Additional context This generates a significant amount of noise due to the fluent-bit service keeps retarting. On one random server, that fluent-bit service has retarted 184 times the last 8 hours alone ...
@anderssynstad is this running through a package or a custom build ? any more insights about the systems might help us
@edsiper Verified it on a Debian 12 (fully patched) vps on Digital Ocean:
$ lsb_release -a
No LSB modules are available.
Distributor ID: Debian
Description: Debian GNU/Linux 12 (bookworm)
Release: 12
Codename: bookworm
$ cat /etc/apt/sources.list.d/fluentbit.list
deb [arch=amd64 signed-by=/usr/share/keyrings/fluentbit.asc] https://packages.fluentbit.io/debian/bookworm bookworm main
$ dpkg -l fluent-bit
Desired=Unknown/Install/Remove/Purge/Hold
| Status=Not/Inst/Conf-files/Unpacked/halF-conf/Half-inst/trig-aWait/Trig-pend
|/ Err?=(none)/Reinst-required (Status,Err: uppercase=bad)
||/ Name Version Architecture Description
+++-==============-============-============-=================================
ii fluent-bit 3.1.9 amd64 Fast data collector for Linux
$ uname -srv
Linux 6.1.0-26-amd64 #1 SMP PREEMPT_DYNAMIC Debian 6.1.112-1 (2024-09-30)

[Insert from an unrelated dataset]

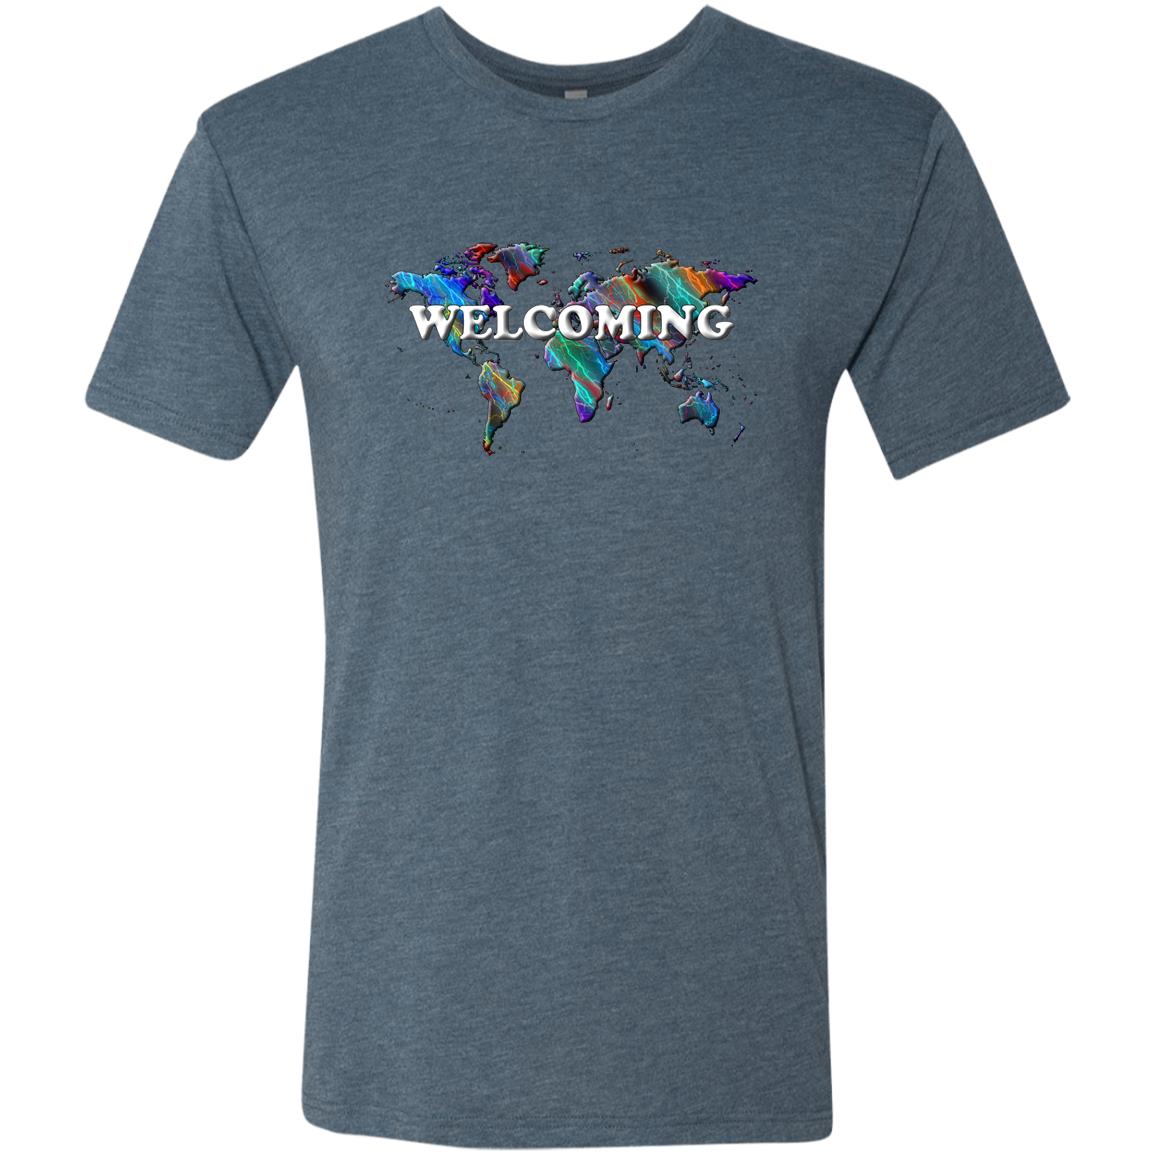 Welcoming Statement T-Shirt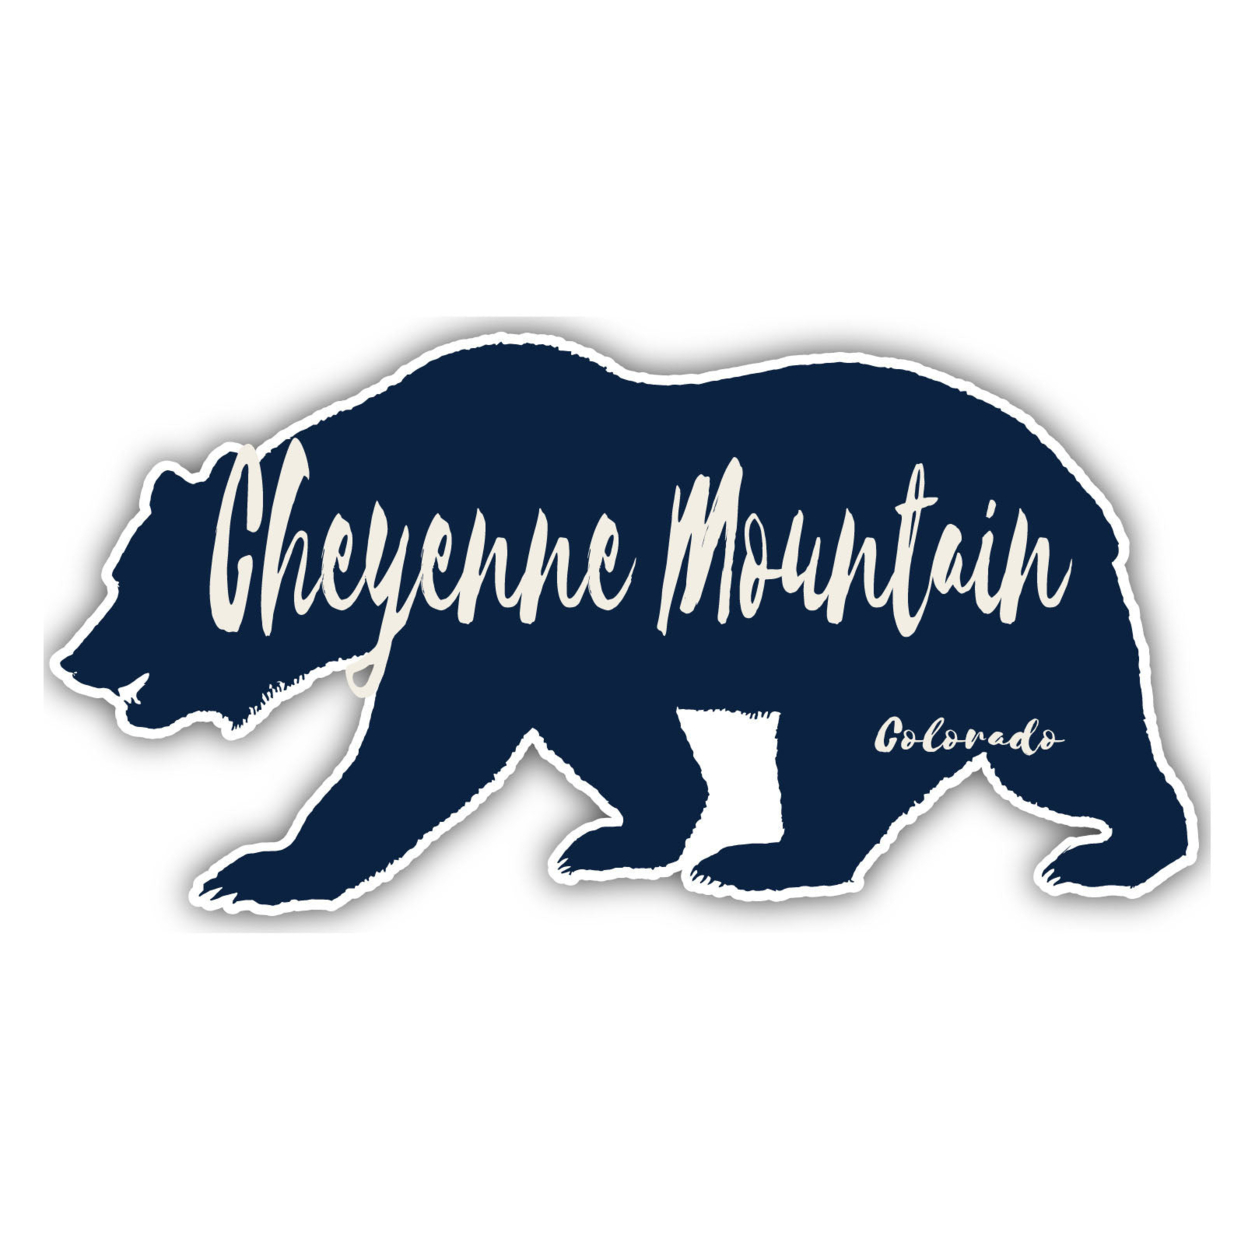 Cheyenne Mountain Colorado Souvenir Decorative Stickers (Choose Theme And Size) - Single Unit, 8-Inch, Bear

Not sure if it is related, but the yaml example on https://docs.fluentbit.io/manual/pipeline/inputs/node-exporter-metrics has the "same" result.
$ cat test.yaml
# Node Exporter Metrics + Prometheus Exporter
# -------------------------------------------
# The following example collect host metrics on Linux and expose
# them through a Prometheus HTTP end-point.
#
# After starting the service try it with:
#
# $ curl http://127.0.0.1:2021/metrics
#
service:
flush: 1
log_level: info
pipeline:
inputs:
- name: node_exporter_metrics
tag: node_metrics
scrape_interval: 2
outputs:
- name: prometheus_exporter
match: node_metrics
host: 0.0.0.0
port: 2021
$ /opt/fluent-bit/bin/fluent-bit -c test.yaml -D
Fluent Bit v3.1.9
* Copyright (C) 2015-2024 The Fluent Bit Authors
* Fluent Bit is a CNCF sub-project under the umbrella of Fluentd
* https://fluentbit.io
______ _ _ ______ _ _ _____ __
| ___| | | | | ___ (_) | |____ |/ |
| |_ | |_ _ ___ _ __ | |_ | |_/ /_| |_ __ __ / /`| |
| _| | | | | |/ _ \ '_ \| __| | ___ \ | __| \ \ / / \ \ | |
| | | | |_| | __/ | | | |_ | |_/ / | |_ \ V /.___/ /_| |_
\_| |_|\__,_|\___|_| |_|\__| \____/|_|\__| \_/ \____(_)___/
configuration test is successful
[2024/10/26 18:50:56] [engine] caught signal (SIGSEGV)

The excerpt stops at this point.